Set in Vilnius’s legal district, just off the city’s most chic street, Geodarmius, the entrance to this genteel 19th-century building is low-key. Just a plaque and an open door. There’s no sense of what’s inside, and certainly nothing of the violent, life-destroying decisions made in its rooms.
You should visit Lithuania’s fairytale castles, soaring cathedrals and medieval streets, but not all tourism is glamorous and relaxing. The museum, its walls lined with granite blocks with the names of massacred resistance fighters, makes no apology for its content – but don’t we travel to learn?

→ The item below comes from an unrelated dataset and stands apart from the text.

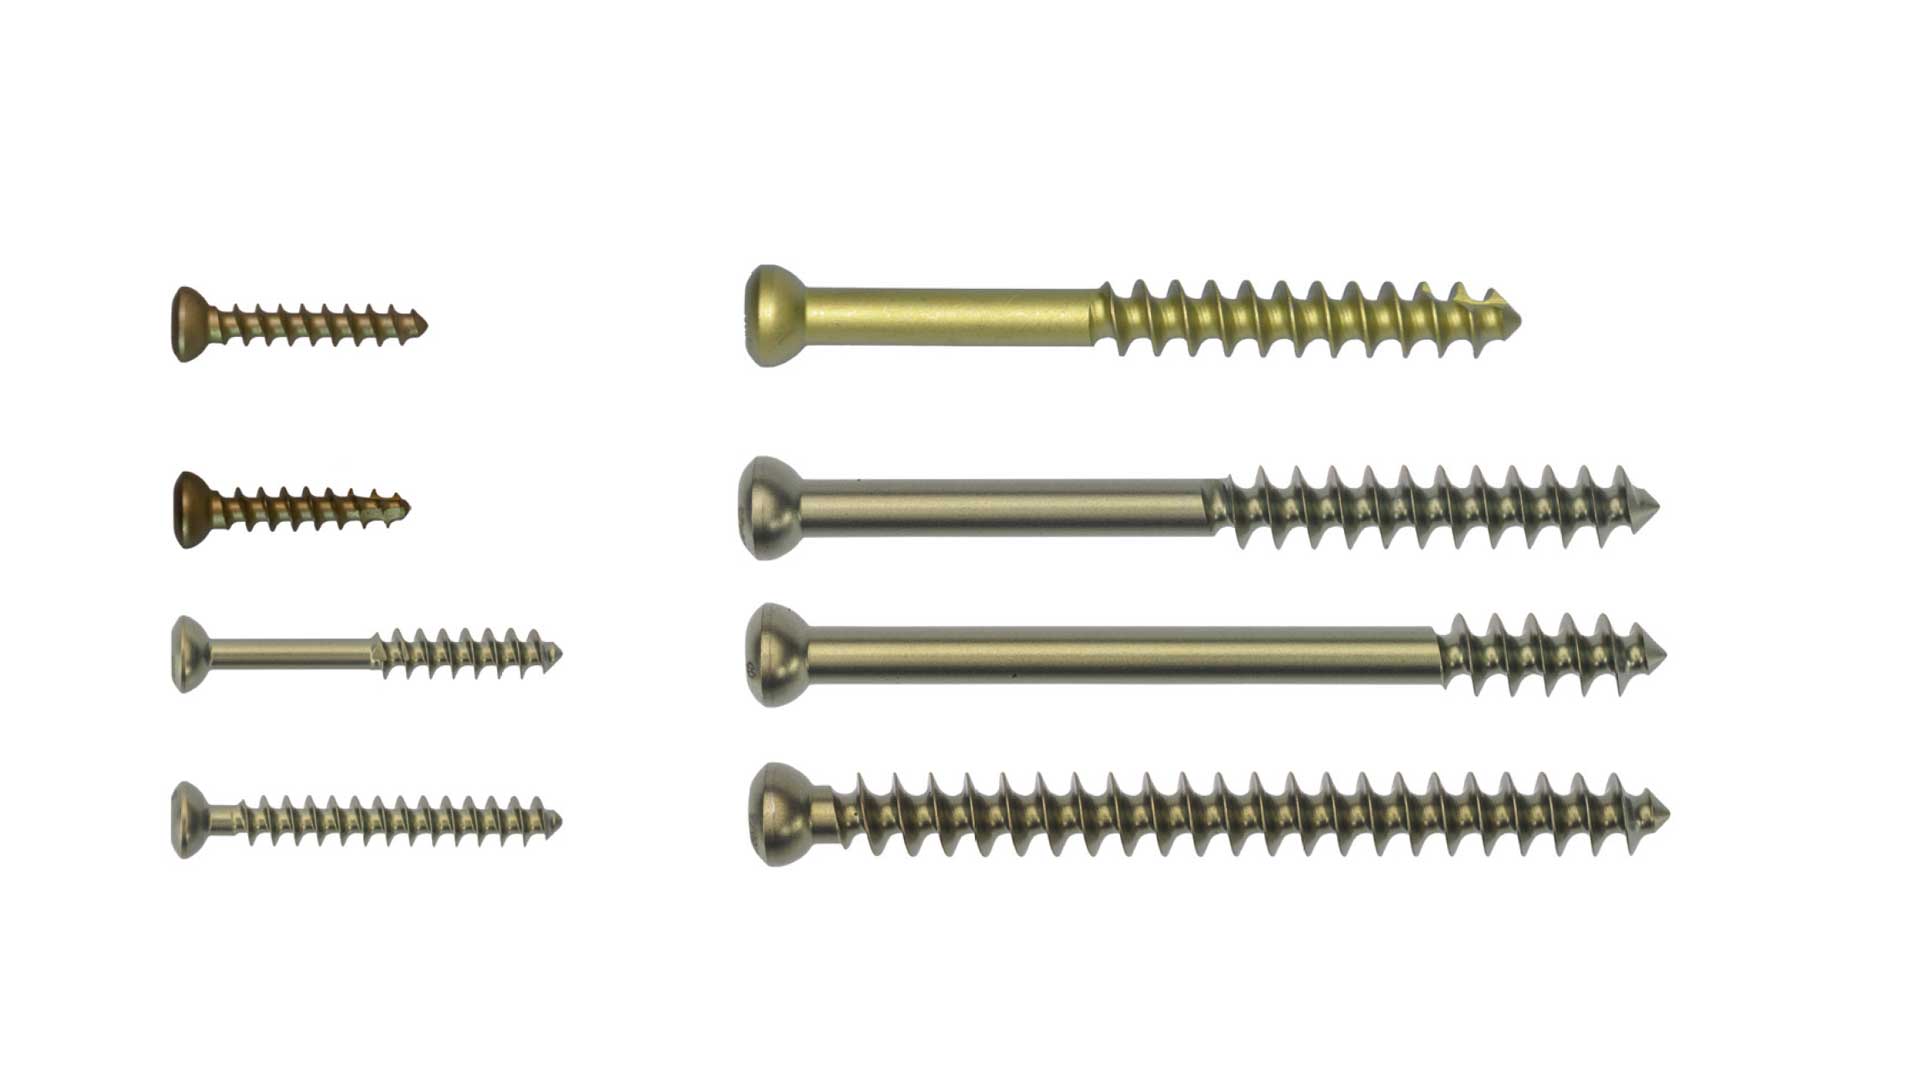 Königsee Implantate Produkte: Spongiosaschrauben Standard, Stahl aus der Kategorie Schrauben

The day I visited was warm, but even today, the foyer was chill and damp, its thick stone walls cold and dead to the touch. I stepped inside and straight away, the museum’s message was clear and blunt: “This exhibition…shows how Moscow, with the help of local collaborators, destroyed gradually the sovereignty of the state, ruined the system of state power and administration, implemented communist ideology and deported and imprisoned people”.
Life in 20th-century Lithuania reads like a recurring nightmare: after a century under imperialistic Russia and brief German occupation in WW1, the little Baltic state, which borders on Poland, Belarus and Latvia, was invaded by the Soviet Union in 1940 and the deeply committed Catholic country was declared a Soviet Socialist Republic. Up to 11,000 people were arrested in one year, many dying of hunger and insanity.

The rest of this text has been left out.